THE MAHARAJA’S HUMAN RESOURCES: THE X FACTOR?

Air India has around 12,085 employees, including 8,084 permanent employees. Its arm Air India Express, on the other hand, has 1,434 employees.

The good news for them is that there will no sacking and the Tata Group has to retain all employees of Air India for one year. In the second year, if anyone is sacked, they will have to be paid VRS.

One of the persons cited above added, “The way I see it, the pilots and engineering crew of Air India are a valuable lot. You need a specific trained manpower who can fly long haul (double aisle planes) and the presence of these employees is a positive.”

Though there are critics who believe the employee base is surplus and assimilation will be challenging. Remember, the integration between Air India and Indian Airlines is still an unfinished task after so many years.

AIR INDIA SALE: THE COMPETITION FACTOR

According to note by research firm Elara Capital, “With majority stake in three domestic carriers – Vistara, Air Asia India and AI – the Tata Group’s airlines will cumulatively enjoy the second largest domestic market share at ~25%, after Interglobe Aviation (IndiGo) at ~60%.”

So is there a possibility that the deal may face scrutiny from the anti-monopoly watchdog—the Competition Commission of India?

Importantly, what are the parameters typically relied upon by the regulator in such deals in the aviation segment?

According to Vaibhav Choukse, Partner ( Competition Law) at law firm J Sagar Associates, “In airline mergers, the CCI would try to ensure continued competition on all routes affected by the merger/alliance. To examine airline mergers, the CCI uses internationally accepted ‘point of origin/point of destination’ (O&D) pair approach. According to this approach, every combination of a point of origin and a point of destination should be considered to be a separate market from the customer’s viewpoint. For example, Delhi to Dubai flight route would constitute a separate market and the CCI would see whether post the merger the combined entity faces enough competition. Hence, market shares will play an important role in this assessment. “

“If after examination, the CCI feels that there are competition concerns, they can impose a set of remedies that have the effect of making new entry possible as a condition for approval. However, where the network overlap is substantial, and economic benefits in relation to the harm to competition are rather low, prohibition of the transaction may be the only answer, in the absence of effective remedies,” the expert added.
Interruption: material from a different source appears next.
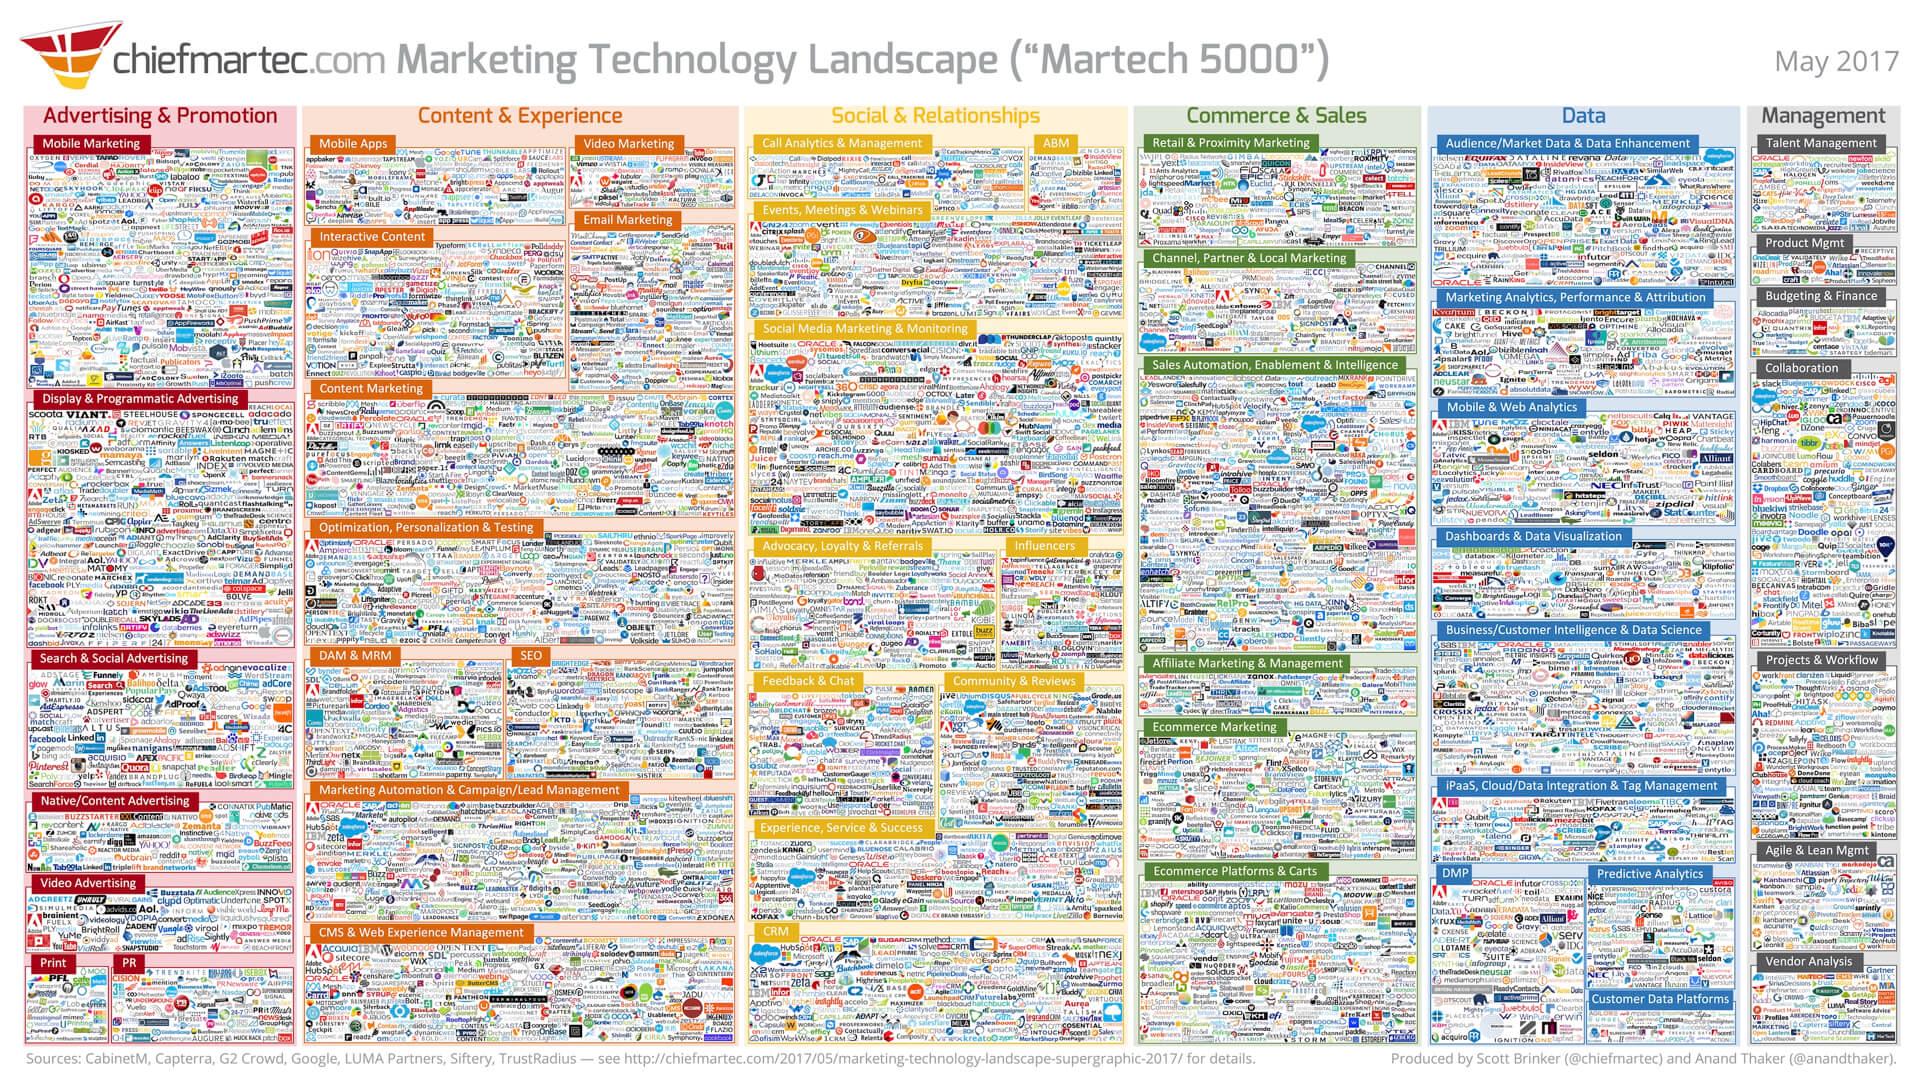 اینفوگرافیک بیش از ۵۰۰۰ ابزار دیجیتال مارکتینگ

A proposed acquisition of 24 percent of Jet Airways by Etihad was cleared by the CCI in 2013. It can give the green signal to such combinations if the same have no ‘appreciable adverse effect’ on competition. Under the norms, if the regulator fails to approve the deal within 210 days, or if it does not pass any order or issue any directions, then the combination is deemed to be approved.

Interestingly, in the past for specific PSU to PSU transactions in the banking and oil and gas sector, the government provided specific exemption from CCI approvals.

FINE, THE TATAS WON! BUT HAS THE SALE SOLVED THE GOVERNMENTS LIABILITIES?

It has to a certain extent, but definitely not entirely. As of August 31, 2021, the total debt of government owned Air India and its subsidiaries was a hefty Rs 61,562 crore.

So how much of this burden will be taken over by the Tatas? The debt component of the Tatas’ winning bid of Rs 18,000 crore was Rs 15,300 crore. Subtract this portion and the government is left with Rs 46,262 crore.

Now add the current liabilities of Rs 15,834 crore, which gives you a sum of Rs 62,096 crore.

At this stage, keep in mind, that the deal does not include non-core assets including land and building, valued at Rs 14,718 crore, which are to be transferred to the government’s.

Finally, from Rs 62,09 crore, deduct a combination of the cash consideration of the Tata bid ( Rs 2,700 crore) and the value of the non-core assets cited above (Rs 14,718 crore).

That finally gives you the number of Rs 44,678 crore. In other words, that is the impact on the government’s finances.

On the brighter side, the successful sale of Air India is bound to make private sector bidders confident and galvanie other disinvestment procedures which have been moving at a snail’s pace.